Statistical Analysis

All values are expressed as the mean ± SD from at least three independent experiments. Statistical significance was evaluated by one-way ANOVA. Differences are considered to be significant at *p < 0.05, **p < 0.01, and ***p < 0.001.

Results

Data Collection for Targets

Flu is a multifaceted disease with many symptoms, including coughing, runny nose, fever, headache, and pneumonia, which are related to host respiratory, nervous, and immune systems. Fifteen targets from the network of IAV–host interactions were selected (Table 1). IAV contains a genome composed of 8 RNA segments encoding the following: surface proteins HA, NA, and M2 ion channel (M2); matrix protein 1 (M1) situated beneath the membrane; three subunits of RdRp known as polymerase basic protein 1 (PB1), polymerase basic protein 2 (PB2) and polymerase acidic protein (PA); nucleocapsid protein (NP) that coats the viral genome; non-structural protein-1 (NS1); and nuclear export protein (NEP/NS2) (Loregian et al., 2014; Brooke, 2017).

TABLE 1

Table 1. The name and classification of flu targets.

In addition to viral factors, the host's cellular machinery is utilized during each step of the IAV infection cycle. Cdc2-like kinase 1 (CLK1), which regulates alternative splicing of the M2 gene, was found to be a vital host factor for flu in previous research conducted by our group. Similarly, CLK4 is another key host CLK family isoform for IAV infection (Zu et al., 2015). Moreover, the neuroendocrine immunomodulation (NIM) network plays a critical role in the process of immune and infectious diseases via homeostasis and defense against outside pathogens (Wang et al., 2016). When the host innate and adaptive immune system are induced by an invading virus, a variety of cellular signal pathways are triggered. Earlier findings have indicated that NF-κB and TNF-α pathways can be activated to regulate cytokine and chemokine expression, maintaining host defense responses to the flu virus (Pinto et al., 2011; DeBerge et al., 2014). A phase 2 antiviral agent, ATL101, targets glutamate carboxypeptidase II (GCPII), which belongs to the TNF-α signaling pathway. Glycyrrhizin is a natural product that has entered into phase III clinical trials and acts on corticosteroid 11-beta-dehydrogenase isozyme 1 (HSD11B1) in the IL1 signaling pathway (Southan et al., 2016). The opioid receptor (OPR) is a widely distributed receptor found on neurons, immune cells, and epithelial cells of the oral and respiratory tract. Evidence suggests that the OPR has a functional role in inflammation and respiratory viral disease (Yan et al., 2015). The dopamine receptor (D₂R) and N-methyl-D-aspartate receptor (NMDAR) are localized on CNS neurons and are related to neurological defects caused by IAV, which have been documented on the Thomson Reuters Integrity database.

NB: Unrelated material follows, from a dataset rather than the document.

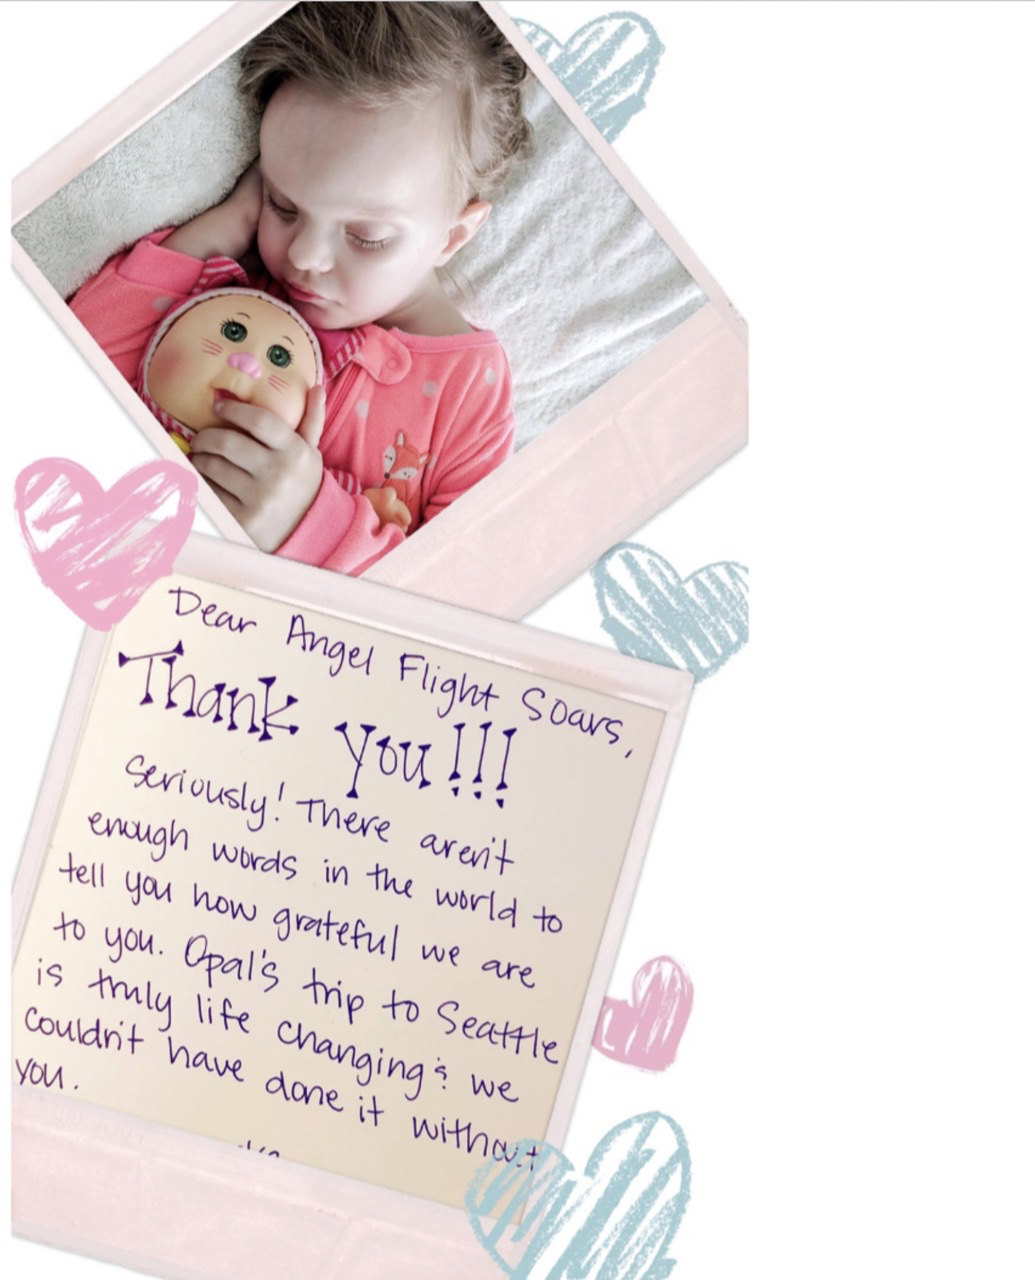 Opal Padgett, an Angel Flight Soar's patients, sleeping in a photo with a thank you note that was sent to Angel Flight Soars and Ben Cason.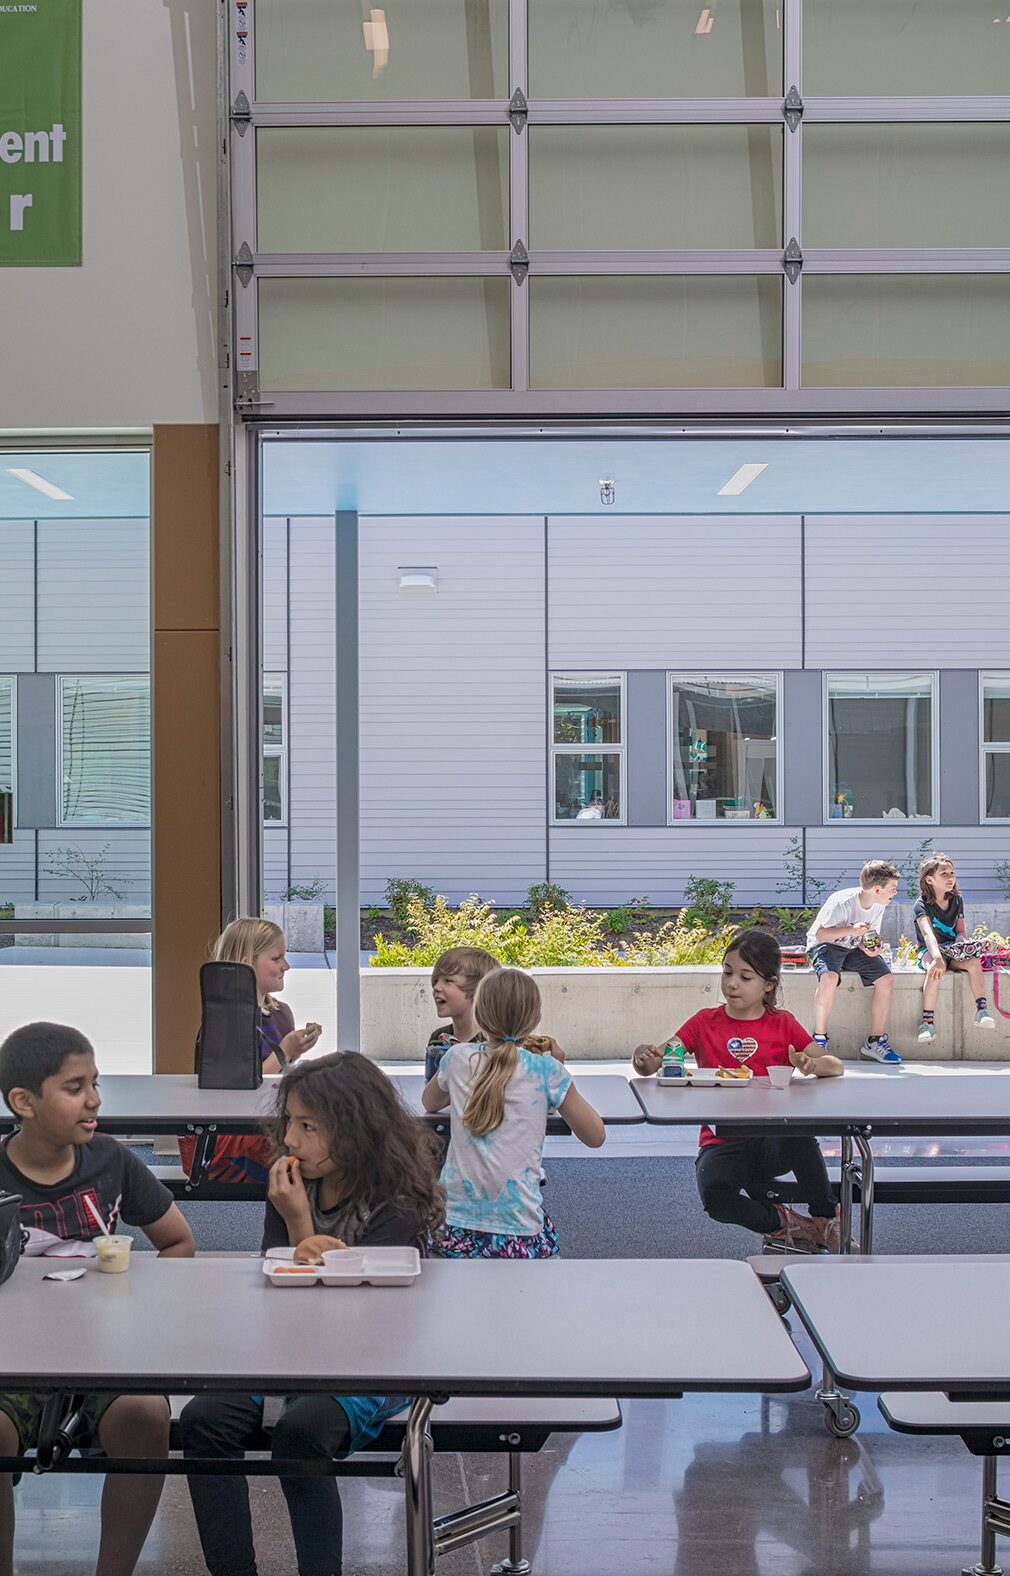 Schools have long been a source of reliable nutrition for students, often providing breakfast and lunch options as well as snacks. (Happy Valley Elementary School, Bellingham, Washington - NAC)

Data Set Analysis and Model Evaluation

Chemical Space Diversity Analysis of mt-QSAR Models

Generally, the predictive accuracy of mt-QSAR classification models is greatly influenced by the chemical space diversity of datasets. A classification model with a narrow chemical space usually results in its limited application. Based on this consideration, the statistical data was organized into training sets and test sets for each target (Table 2). The Tanimoto similarity index (TSI) can be used for measurements of chemical spatial regions; the smaller the TSI value, the greater the diversity of a dataset. Based on results, the TSI value ranges from 0.084 to 0.117, which indicates that data sets are sufficiently diverse.

TABLE 2

Table 2. The detailed statistical description of data sets for flu targets.

Performance Evaluation of mt-QSAR Models

Five-fold cross-validations utilizing the training set were performed to avoid overfitting of the model. Subsequently, the generated models were used to predict respective test sets. Validation results are provided in Table 3. The 5-fold cross-validation results of the training set for the 24 classification models show that MCC values range from 0.8 to 1, with an average of 0.936, whereas the AUC values range from 0.969 to 1, with an average of 0.989, suggesting that the 24 classifiers are of high quality. However, five-fold cross-validations cannot completely represent the true predictive ability of the models, therefore test set validation was further explored. Among the 24 models, 23 models gave an MCC value >0.6; MCC values ranged from 0.327 to 1, with an average of 0.851. Twenty-three models out of 24 give an AUC value >0.9; AUC values ranged from 0.779 to 1, with an average of 0.970. This data indicates that the predictive abilities of these models are sufficient for further compound activity prediction.

TABLE 3

Table 3. The 5-fold validation and test set validation performance of 12 flu targets using NB and RP classifiers.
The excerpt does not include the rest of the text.